Believe it or believe it not, but the AJW motorcycle venture was something of a sideline to the still-flourishing Exeter business known as the Wheaton Printing Company The AJW initials stood for Arthur John Wheaton (better known as Jack Wheaton), and the first few prototypes were assembled in the maintenance workshop at the printing works.
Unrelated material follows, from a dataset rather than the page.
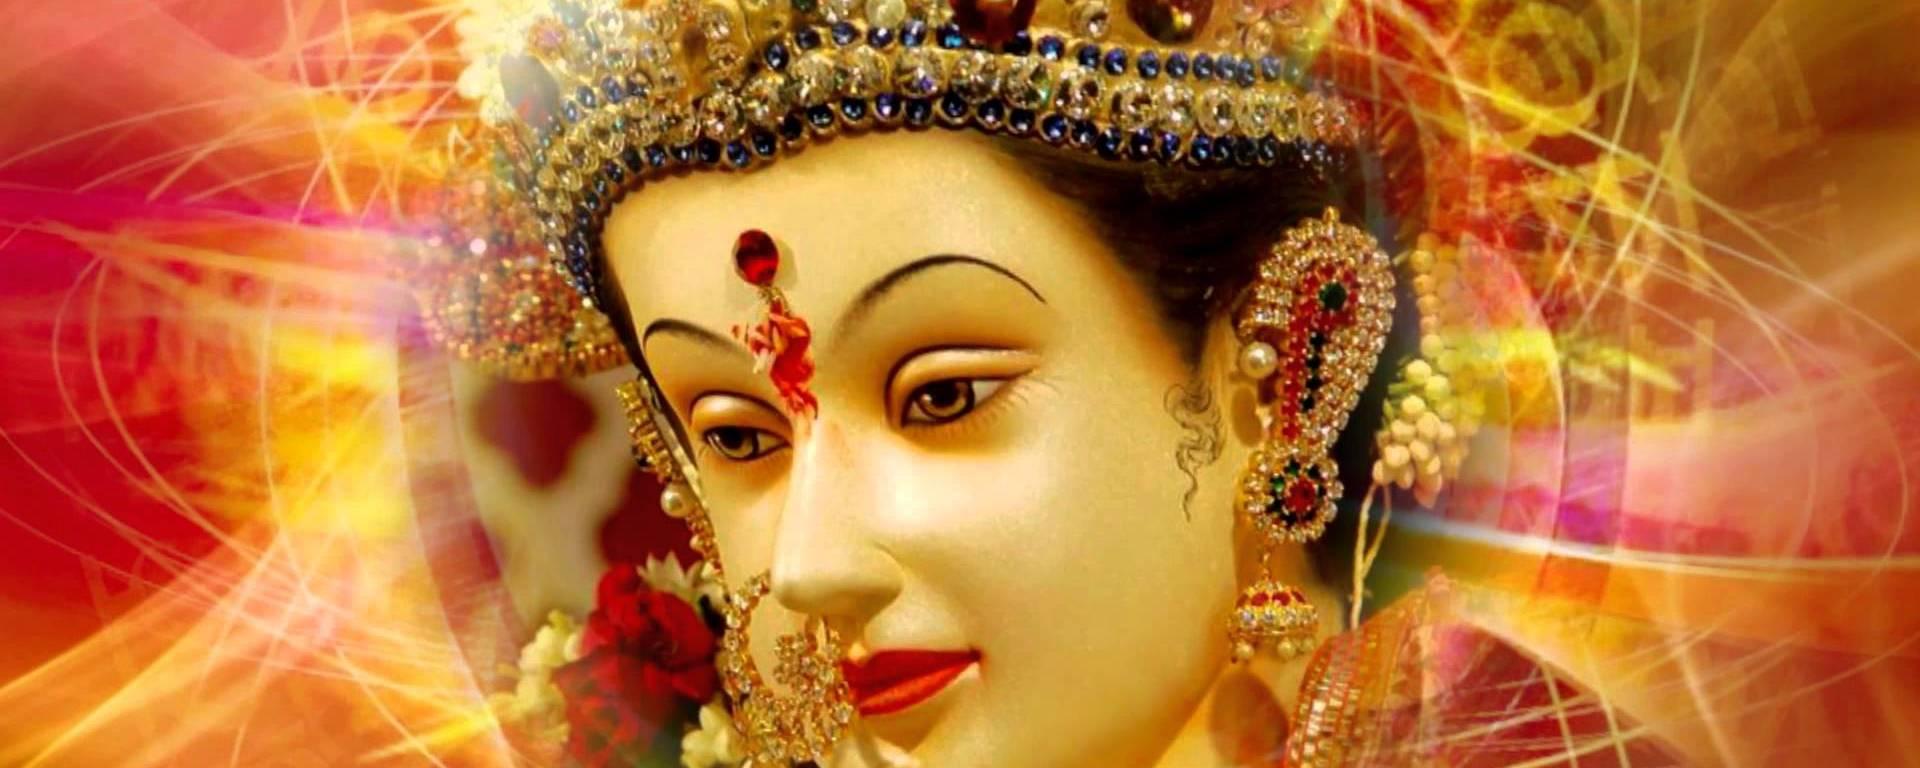 Devi Navratri  God Both Male And Female  Bhavanajagat-1445

Motorcycling was Jack Wheaton's hobby, and the first two AJWs, built in the summer of 1926, comprised a 496 cc single powered by a Swiss-made MAG engine, and a powerful-looking 996 cc vee-twin using a British Vulpine power unit. In fact British Vulpine, and Summit, were alternative names for the big British Anzani engine, and when AJW production did begin the 1927 season it was with a modest range of vee-twin models, using the 996 cc overhead-valve Summit, and side-valve and overhead-valve JAP.

The AJW was certainly a very racy-looking machine, with its bulbous torpedo-shaped fuel tank raked back, and employing a full duplex tubular loop frame with the top members running in a straight line from steering head to rear wheel spindle. The machine seen here was the standard sportster, employing single-port cylinder heads, but there was also an even more imposing device, with twin-port heads and two exhaust pipes along each side of the bike. Its top speed was claimed to be around 100 mph, which could well have been true. The AJW not only looked expensive, but was expensive, with the top-of-the-range version costing an awe-inspiring £ 145. Even the standard model, as pictured, was priced at £ 115.
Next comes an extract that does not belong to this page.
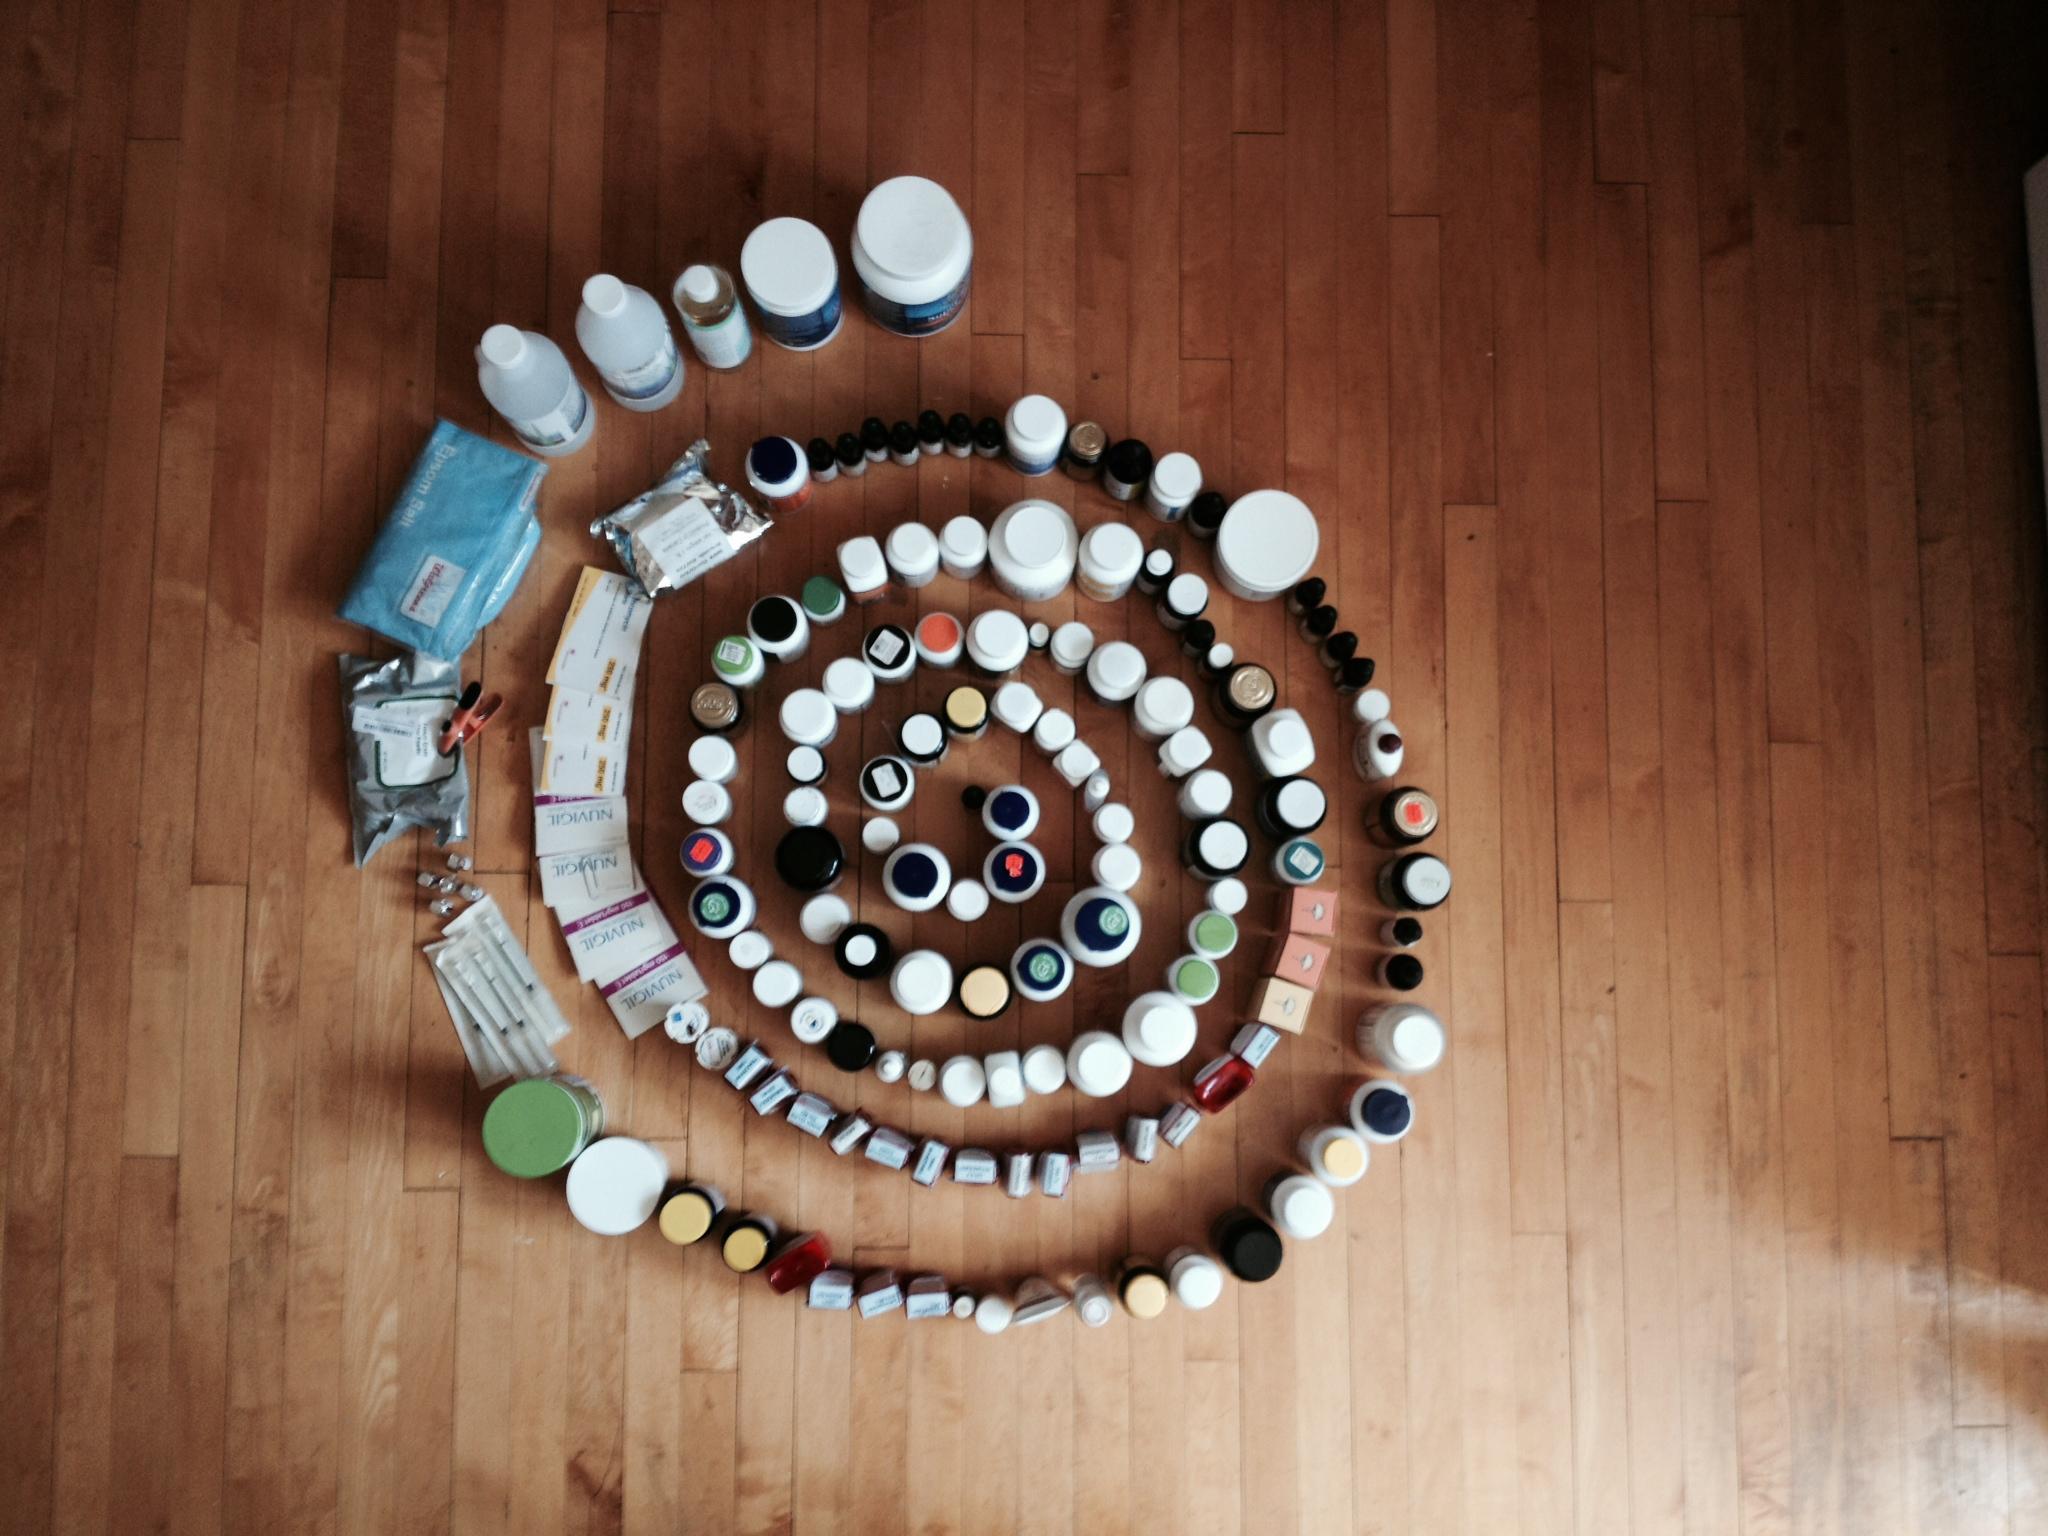 The Dizzying Spiral

Naturally, the make attracted an elite clientele (among them Brooklands racers such as Claude Temple and Joe Wright) and production ran at a low level - which, as a hobby project, suited Jack Wheaton admirably. But even hobbies have to earn their crust, and as Britain ran into the depression years of the 'thirties, so the character of AJW changed. The last big British Anzani vee-twin (by this time available in racing specification only) dropped out of the range in 1931, and only a 680 cc vee-twin JAP represented the breed for 1932.

Nevertheless the make carried on right through the 1930s, by this time using singlecylinder overhead-valve JAP and Rudge engines (one model, the 1933 AJW Flying Fox, employed a Rudge Ulster unit in supersports trim), supplemented by utility models powered by Villiers two-strokes. But Jack Wheaton was losing interest, and by 1937 the make had passed to other hands.
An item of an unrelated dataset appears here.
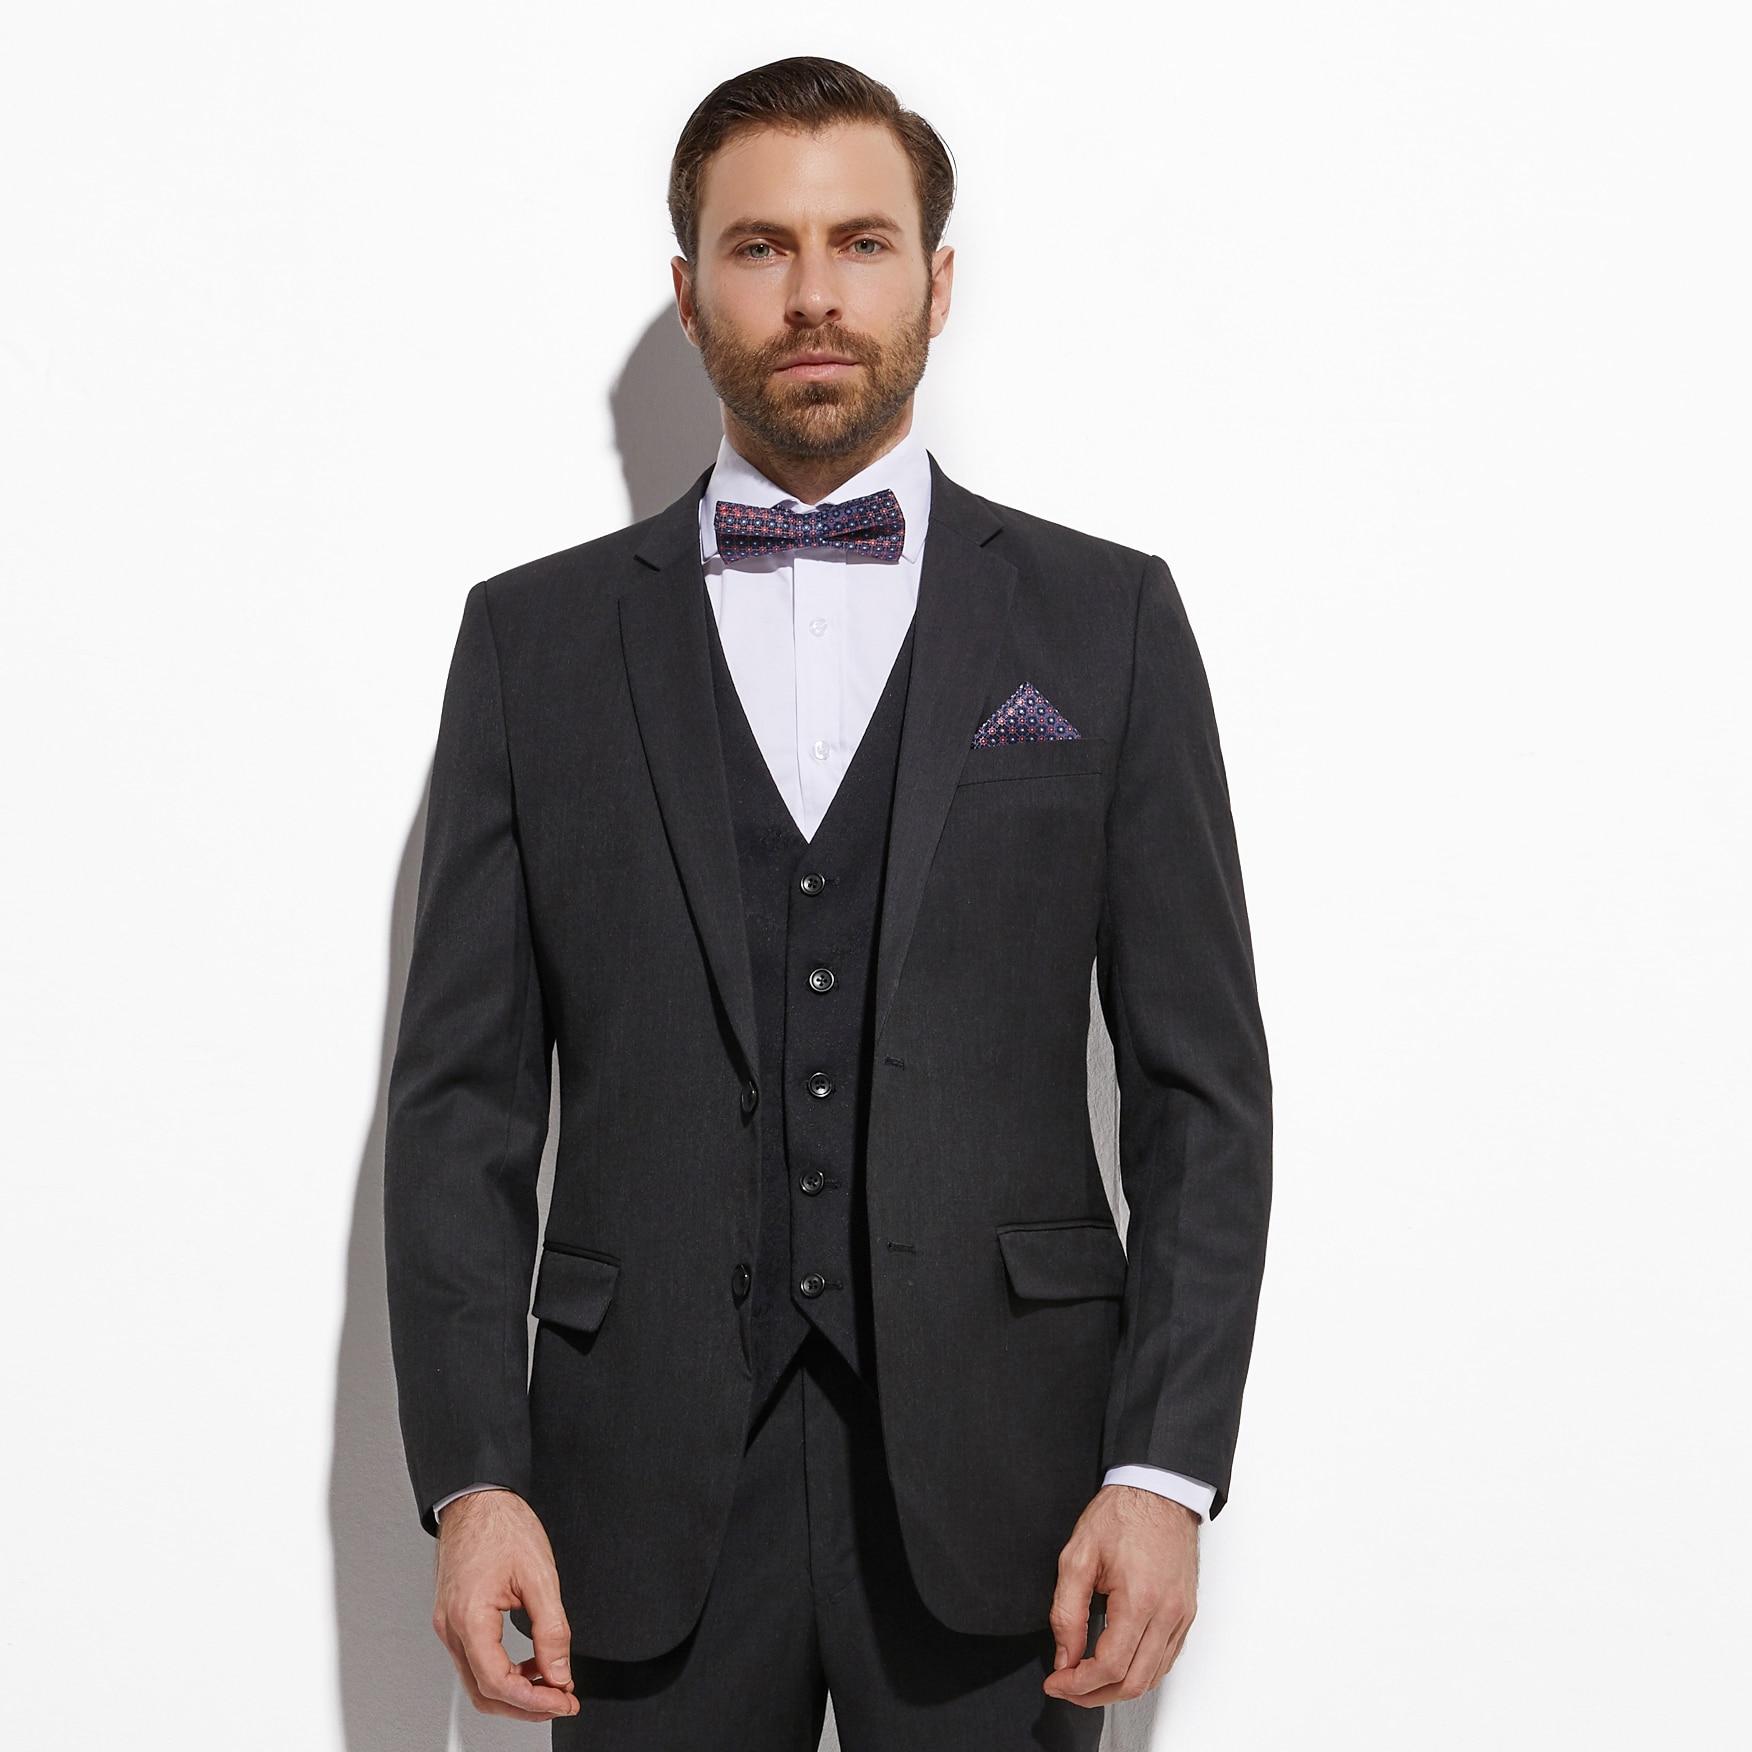 2020 Slim Fit Dark Charcoal Grey Groom Suit With Jacquard Vest Custom Made 3 piece Wedding Suits For Men  Wedding Groom Tuxedo 1

The final pre-war range announced for 1940 comprised a 500 cc JAP, and two versions of a 250 cc Villiers. But AJW was not finished, and in post Second World War years the make returned, with small-scale production of a vertical-twin side-valve JAP, supplemented by speedway and grass-track models. The failure of JAP to produce proprietary engines suitable for motorcycle use hampered AJW, as indeed it did Cotton and several more of the smaller British manufacturers, and in the 1950s and 1960s the make drifted into marketing 50 cc and 125 cc Italian-made ultra-lightweights carrying 'AJW' tank badges. It was, you might say, quite a comedown after such exotic beginnings! But at least the company lasted until 1981, outliving many bigger rivals.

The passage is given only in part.